2003 Sublime Isolation / 93 p
All grapes in this cuvée, 44 percent Chardonnay with 37 percent Roussanne and 19 percent Viognier, were sourced from the great Alban Vineyard in Edna Valley. I’ve tasted it several times before, and always liked it because it richness and honey notes, but even though the fine notes of violets, I noted this time that the oak was a bit more present than last time. Yes, it may depend on the bottle – this one may have been kept a bit warmer and therefore matured a bit quicker. At least the small note of yellow apples tells me so. Still there are enough floral notes to add elegance, and given the fact that it evolved just fine with four hours in the decanter, it’s not in any way over the top. It’s just the vintage that’s a bit more rustic than the 2006 tasted the same time. On the palate, it ripe and rich, loaded with sweet citrus notes and honey flavor, the acidity is lively and surprisingly fresh (especially after the initial sweetness has faded away after decanting), and there’s also an almost tannic sensation in the long, lingering aftertaste. I actually liked more after some hours of air, than directly from the bottle. Serve it at 12-16 degrees, depending on your tolerance for temperatures and power. Drink it 2011-2014.

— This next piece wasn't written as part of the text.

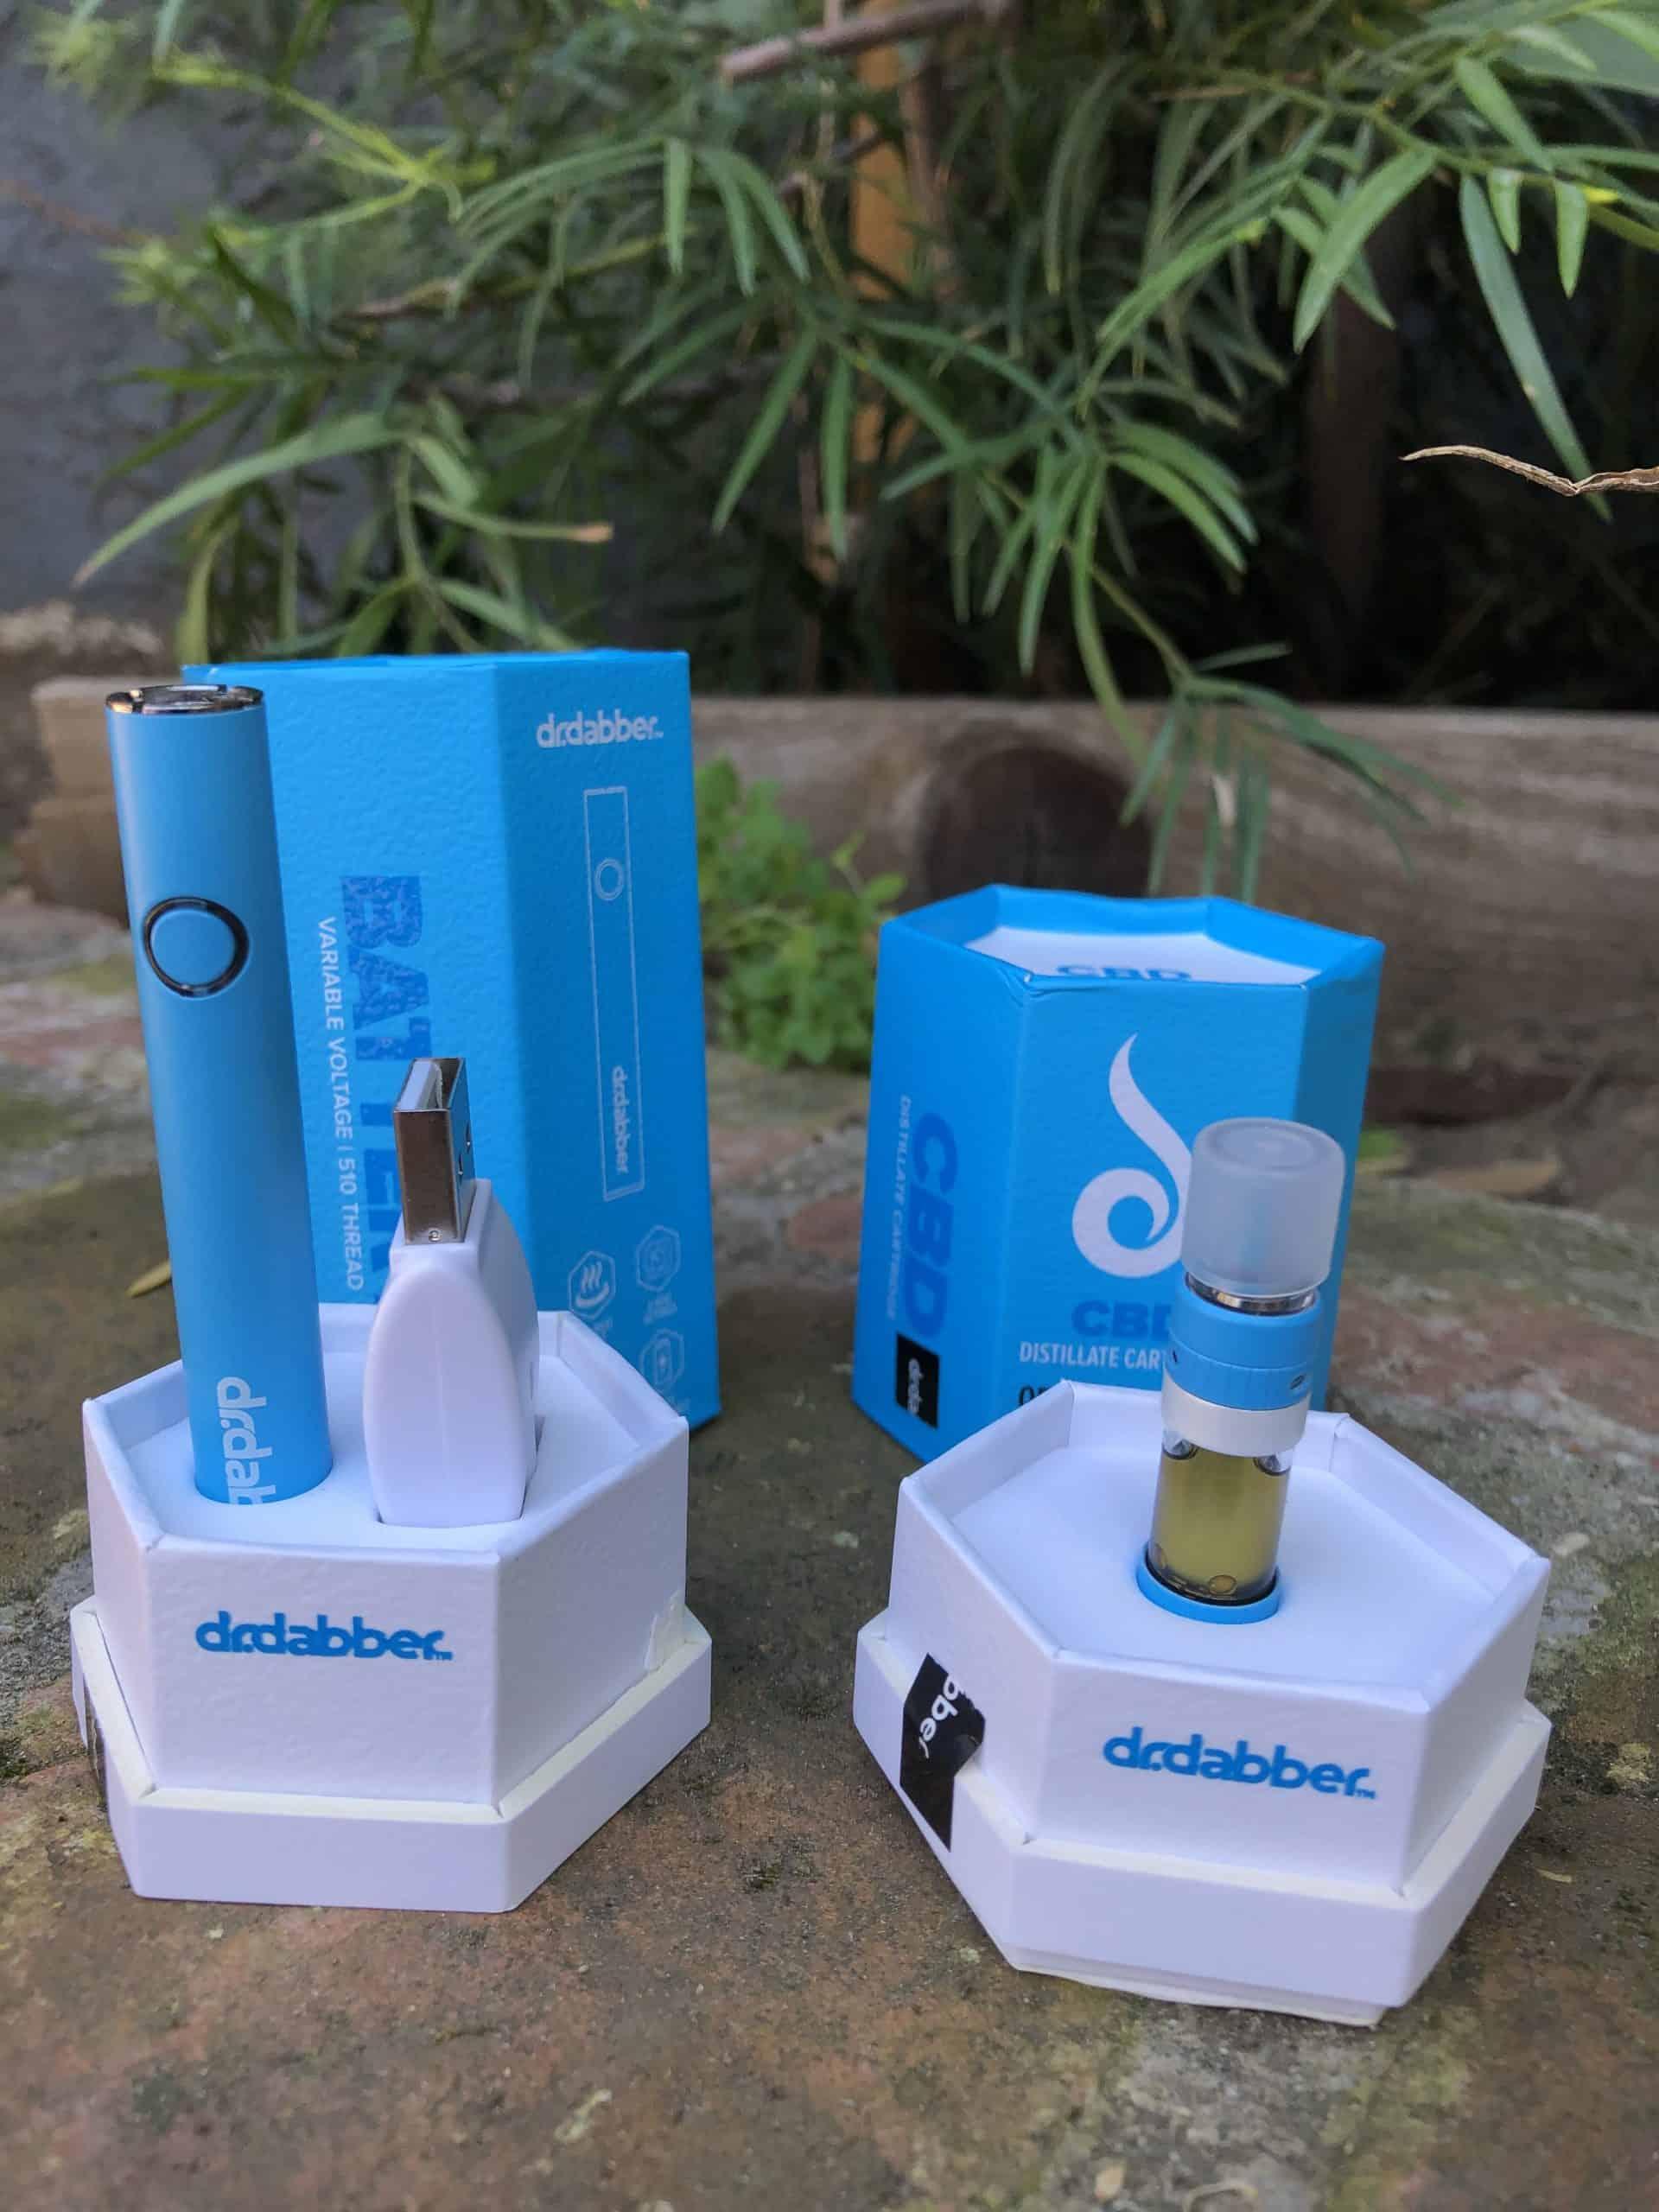 dr dabber cbd cartridge and battery combo original blend save on cannabis beauty shot

1997 Twisted & Bent / 88 p?
Well, to be honest, this wine is on its way down, for sure. Still I kind of liked it, especially when it was served with rich food, which balanced its fully mature flavors and covered most of its slight oxidation. The wine was made of 60 percent Roussanne from Alban Vineyard in Edna Valley and 40 percent of Chardonnay, as always fermented in French oak barrels and bottles without being filtered. Color is deep straw towards golden, but it didn’t look too matured. On the nose, it shows maturity, honey and yellow apples as well as a slight nutty and almost smoky note is there, but all this is in balance, not on the edge of being too much. Actually, I was a very surprised over how well the wine kept in the glass, even two hours after pouring it! To me, that shows the wine, if not having more to offer, at least may keep another year or so. On the palate, it was at first rich and glycerol textured, still dry and very complex in a way that was a bit “Bâtard-Montrachet-like”, but with sweeter fruit and higher alcohol, and it also showed an almost tannin like structure. It’s quite honey like in the long, lingering and dry finish, and I have to tell it’s quite delicious as well. Drink it 2011-2012.